Joy nodded, slowly. "I'm not sure what to say, then. I would think, that for a relationship to work, you would need to be able communicate at some level. Your People, it seems, are more social, more a group, than many cultures. I think, perhaps, you have their need to be part of a group, a family, or perhaps a crew, without the practice in your youth of what it takes to make such groups work."

Sarah blinked. What a startling revelation! Of course she didn't have the experience or the practice to be part of a family unit or a Group. But the question remained -- how to communicate to Alex (who was, when all was said and done, not of the People) what she needed when she hardly understood her own needs herself? There was the crux of the whole issue. "So how do I communicate it?" she asked.

"With words. With touch. Well... I think the first step is not by saying everything is fine. Alex cannot be treated as the councilors at your boarding school, to whom you always answered everything is fine. I'm not sure. I just visited your People briefly. It seemed that if they saw a person in the village in need, they would answer that need. Starfleet is no different in that. But you have to let the need show. Not everyone has a councilor's training to find a need unstated."

"I guess that means I shouldn't hesitate to be a bother?" Sarah asked, rather timidly.

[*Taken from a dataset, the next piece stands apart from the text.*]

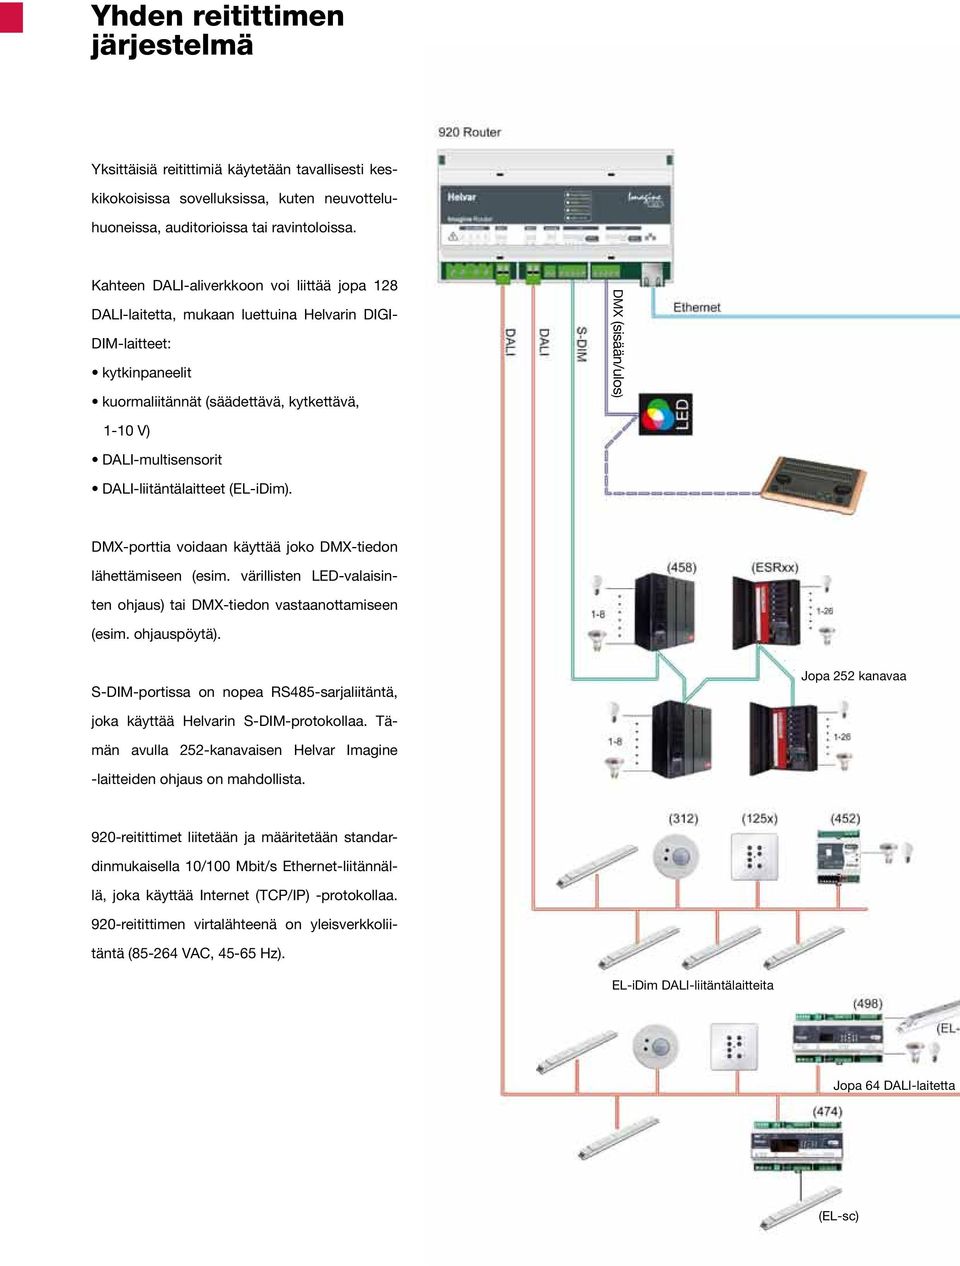 DALI-multisensorit DALI-liitäntälaitteet (EL-iDim). DMX-porttia voidaan käyttää joko DMX-tiedon lähettämiseen (esim. värillisten LED-valaisinten ohjaus) tai DMX-tiedon vastaanottamiseen (esim.

Joy smiled.  "You shouldn't.  At a guess, you will anyway."

"Well, I do hate to be bothersome," laughed Sarah. "Even when I probably should be."

"I know. A major character fault, independence." Joy again fought down the urge to advise that it is possible to nag too much. An unnecessary data point, just now.

Sarah laughed again. "But independence is part of what makes someone a good doctor, so there must be something positive to be said for it..."

"But do not doctors also have to be able to work in teams? Oh, yes. It is good to be able to function sometimes alone, but if everyone were entirely independent, I'd be out of a job! Can't have that!"

"Like everything else, a balance," Sarah concluded, smiling. "Thank you, Counselor Joy." She felt a little better emotionally -- and much better physically. She thought she might even be able to eat something more than fortified coffee and clear broth.

"You are quite welcome, Sarah.  I'll try to keep in touch."

Sarah hauled herself to her feet and walked over to the replicator. She knew Joy was watching her, and felt a little self-conscious, but placed an order for a tuna sandwich and glass of milk.

Joy stood. "Next step... rearranging bits in the computer. I'll be hiding in my office if there is need."

"Thank you," Sarah said again, turning with a smile, and took her lunch tray into her own office to work while she ate.